Well I asked hubby to research that question and he said a magnet would do nothing, but you can wipe it by microwaving it or breaking/crushing it, but really neither would work as it is inside the dog.


----------



## Timber1

Diana,

we scanned my rescue today at the Milwaukee Pet Expo. The dog was chipped in KC. but the scanner showed no chip. The person that scanned te dog literally did it over the entire dog's body. 

So another chip and new tag on her collar. I am wondering how something like the afore-mentioned occurs.


----------



## RubyTuesday

It's scary these chips aren't working. Does anyone have ideas as to what's up with that? Perhaps I should have Djibouti's & Sam's chips checked regularly...


----------



## AbbyK9

> Quote:The dog was chipped in KC. but the scanner showed no chip. The person that scanned te dog literally did it over the entire dog's body.


I have heard from a horse friend that it is possible (in horses) for the chip to migrate (we know they can migrate in dogs, too), and that, if a chip migrates to, say, underneath a muscle, it may not be possible to read it, because the scanner only has a certain range in terms of what it can read "through" (ie, thickness).


----------



## kelso

also, don't certain chip readers read only some chips? or is that a thing of the past..or something that I have just heard?

Could the chip reader completely not pick up the chip if it is not "compatible" with the reader?

hope what I am trying to say makes sense


----------



## Redbug

Great thread!
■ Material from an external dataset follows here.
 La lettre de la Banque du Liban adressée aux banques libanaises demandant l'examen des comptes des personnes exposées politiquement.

Some good questions that I am wondering about, too. I do know that not all chips are compatible with all readers. But the magnetic issue is a good one, as well as migration and scanner depth.


----------



## maxsmom1229

i got max microchiped at the USDA vets office. they told me it was avid brand, but an international chip...since we were moving to germany. well i had my german vet scan him and it doesnt come up at all, ran it all over him. i had the american vet on-post scan it and it came up right away. so i also had a german microchip put in him in case he got away here, either the "international" chip they sold me was a crock of sh** or my german vet didnt have the appropriate scanner.
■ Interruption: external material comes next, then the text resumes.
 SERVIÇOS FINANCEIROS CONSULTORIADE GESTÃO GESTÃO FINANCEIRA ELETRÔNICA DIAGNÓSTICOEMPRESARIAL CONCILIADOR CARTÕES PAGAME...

ah well, i just hope the 2 of them in him are OK


----------



## Grims

Well, I did a lot of research on the subject. As a previous poster commented a magnet shouldn't do anything because the chip is made primarily of copper and solder, non magnetic metals. Although an MRI could turn the chip into a little frying pan and melt it through your body....but that is unconfirmed. I'm a little curious though if the chips are read only, or read/write. If they are readwrite, then almost any home based computer RFID reader/writer could overwrite them. 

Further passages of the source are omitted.